Opinion ID: 2252946
Heading Depth: 1
Heading Rank: 6

Heading: Whether the Appellate Court Erred in Affirming the Trial Court

Text: Heinold also argues that the appellate court erred in holding that a fiduciary duty exists simply where the subject matter of a contract is complicated. Heinold's argument is based on its belief that the traditional criteria for the existence of a fiduciary duty were not met here and that the appellate court created a new basis on which to find a fiduciary duty. The appellate court affirmed the trial court on this point, stating: The record indicates that members of the Class were uniquely dependant upon information obtained from defendant and its soliciting brokers in order to make a profit on LCO transactions. The trading of LCO's during the relevant period was exceedingly complicated due to the mechanics of LCO's and the London exchanges, the volatility of the commodity options market, the impact of currency conversion rates and the differing terminology used among brokers offering LCO's to the public. (240 Ill.App.3d 536, 541, 181 Ill.Dec. 376, 608 N.E.2d 449.) The appellate court's opinion merely summarizes the trial court's findings that few investors, including plaintiffs, could have understood the mechanics of LCO trading or known what type of charges were proper.

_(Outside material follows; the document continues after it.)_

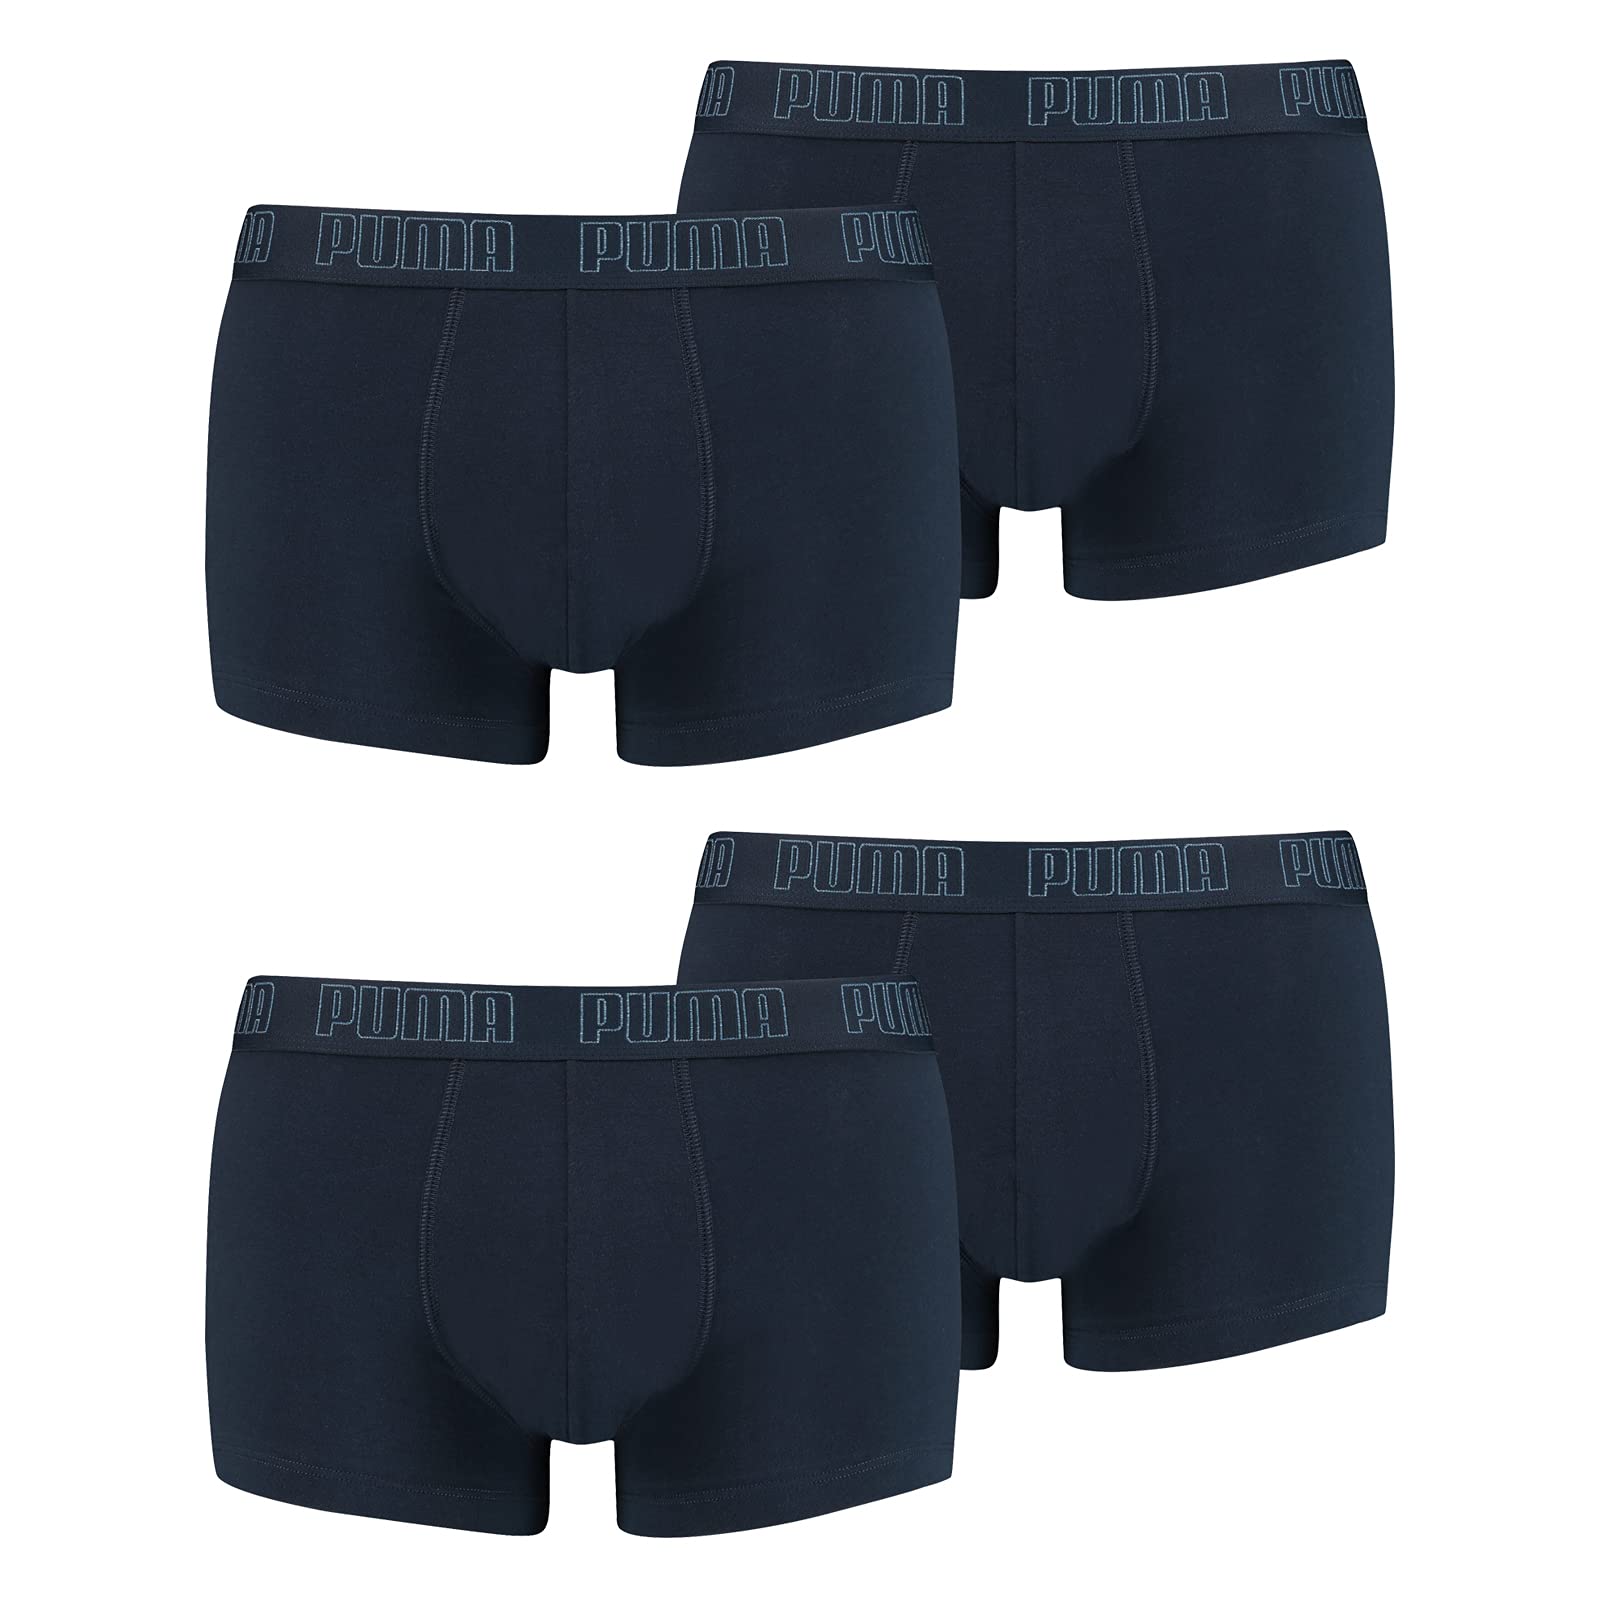 PUMA Herren Shortboxer Unterhosen Trunks 4er Pack, Wäschegröße:XL, Artikel:-010 Navy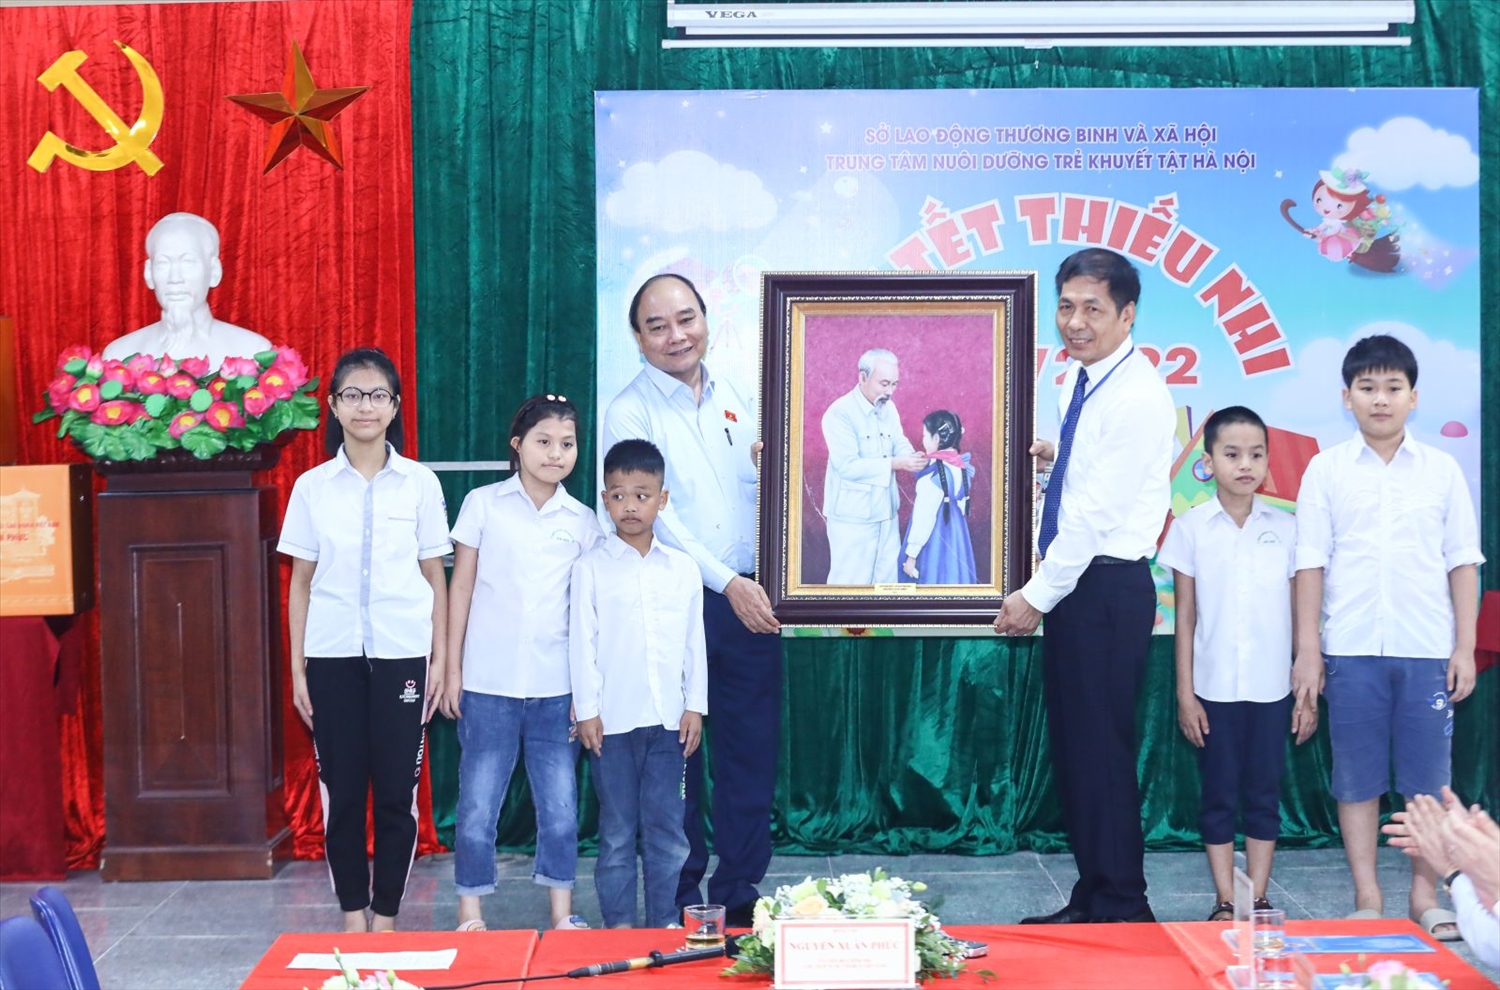  Chủ tịch nước Nguyễn Xuân Phúc tặng tranh Chủ tịch Hồ Chí Minh với thiếu nhi cho Trung tâm Nuôi dưỡng trẻ khuyết tật Hà Nội. Ảnh: VPCTN

The appellate court's finding is not that a preagency fiduciary duty attaches when a transaction is complex, but that under these unique circumstances, where a future principal and agent are discussing compensation, and where the plaintiffs were uniquely dependant upon Heinold for information concerning the proper charges in the transaction, a duty attached. There was no error by the appellate court on this issue.